Understanding the auto-label report

[content coming soon]

Tips for optimizing your label prompts

There are a number of techniques you can use to improve the accuracy of your auto-labels. Here are a few things to try:

  • Break down more complex questions into parts. For example, if you want to know if an article meets many criteria for inclusion and you want the auto-labeler to provide a Yes or No answer, ask it to work through a set of questions related to each criteria. In the following example, we want to include articles that are systematic reviews or meta-analyses about the impacts of wildfires on health, the environment or economic factors. We can break this down and give the auto-labeler the following prompt in the label's Question section:

 

Answer true or false for the following questions about this article.

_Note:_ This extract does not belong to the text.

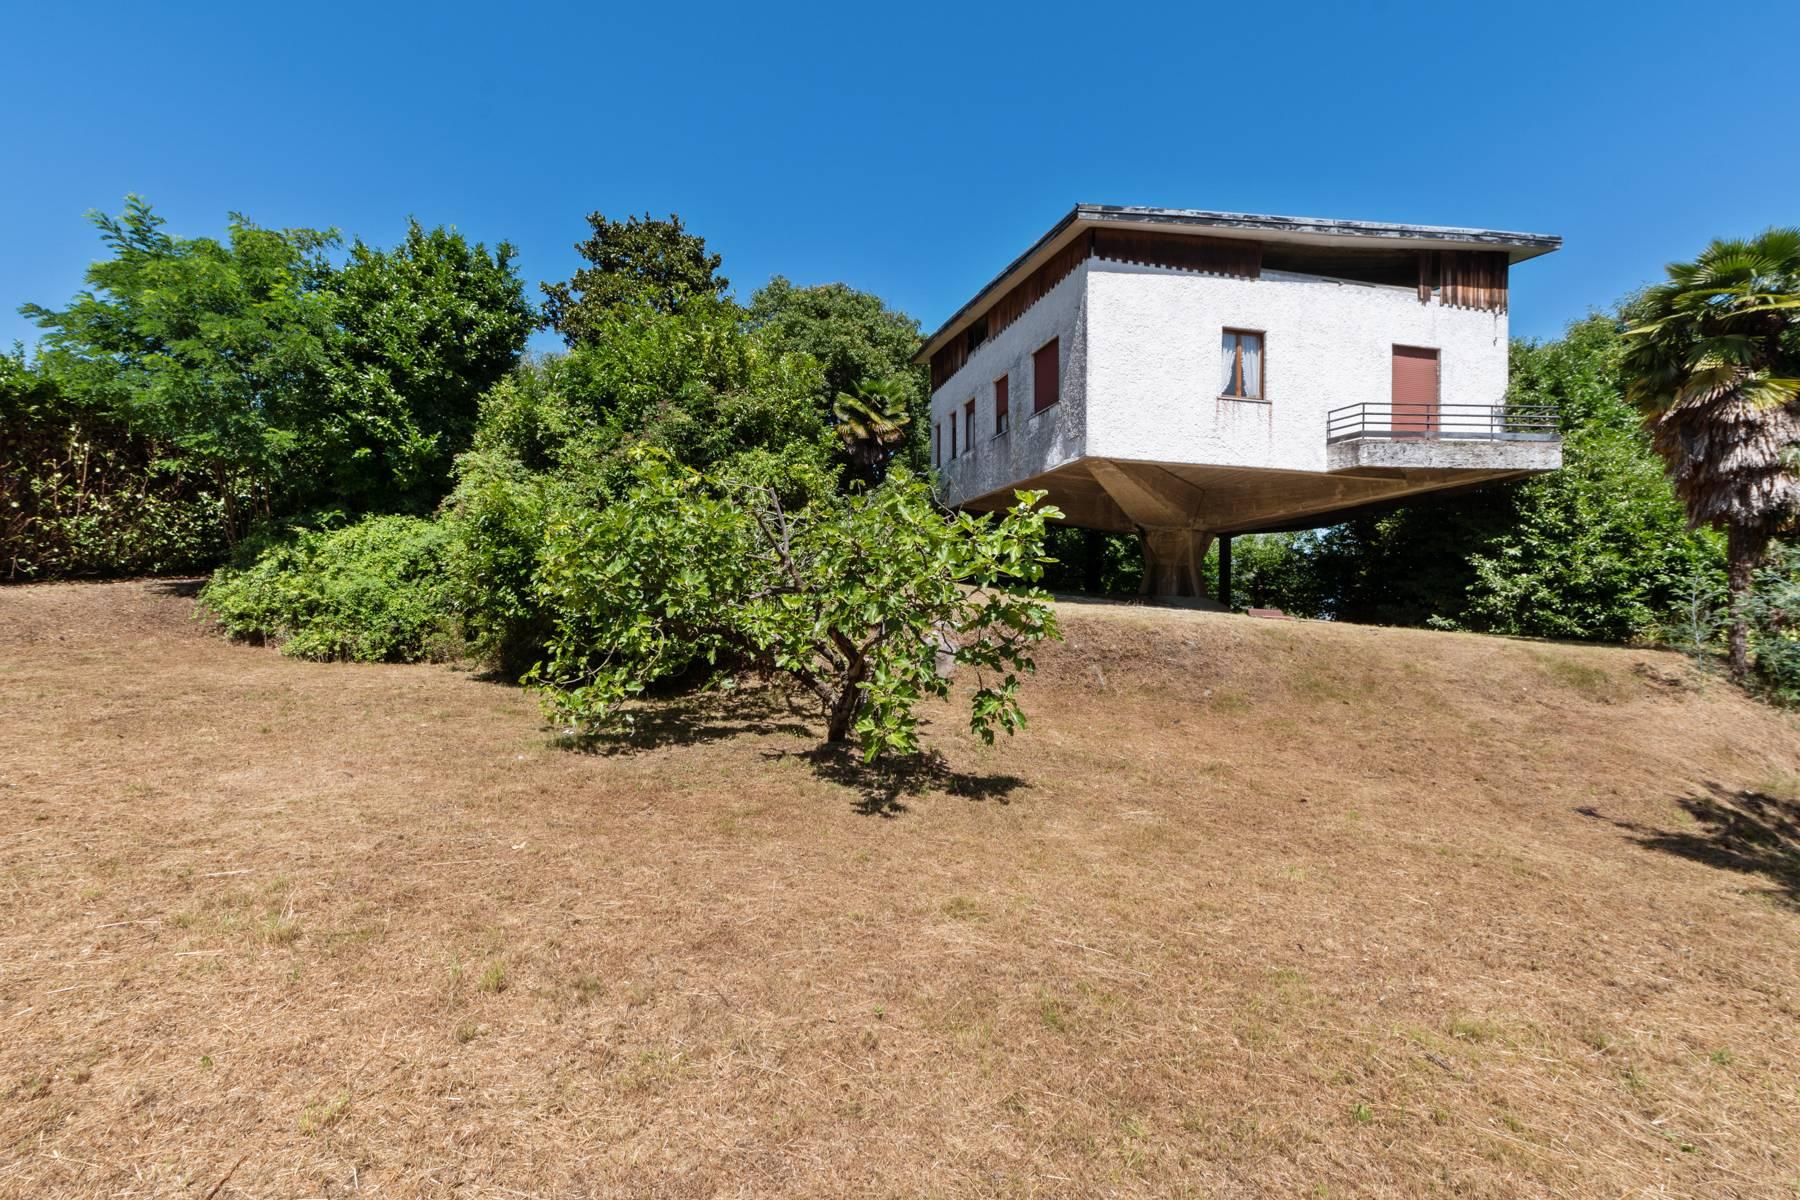 Villa in Vendita a Stresa: 5 locali, 150 mq - Foto 4

1. Is this a systematic review or meta-analysis?

2. Does this focus on the impacts of wildfires?

3. Does this include at least one health, environmental or economic impact of wildfires?

If all of the answers are true, include this article. If any of the answers are false, exclude the article.

 

  • Use another genAI tool like chatGPT, Microsoft Copilot or Google Gemini to improve your prompt. Provide the prompt and some examples of correct and incorrect answers and ask it to help you revise the prompt to achieve better results.

 

  • Filter out records without abstracts. When running the auto-labeler on just citation data (not PDFs), it performs more accurately when it has abstracts, and not just titles to rely on. We recommend, when doing the initial human screening, to skip records without abstracts. In this way, when you set your article filters for the auto-labeler, it will only include articles with abstracts.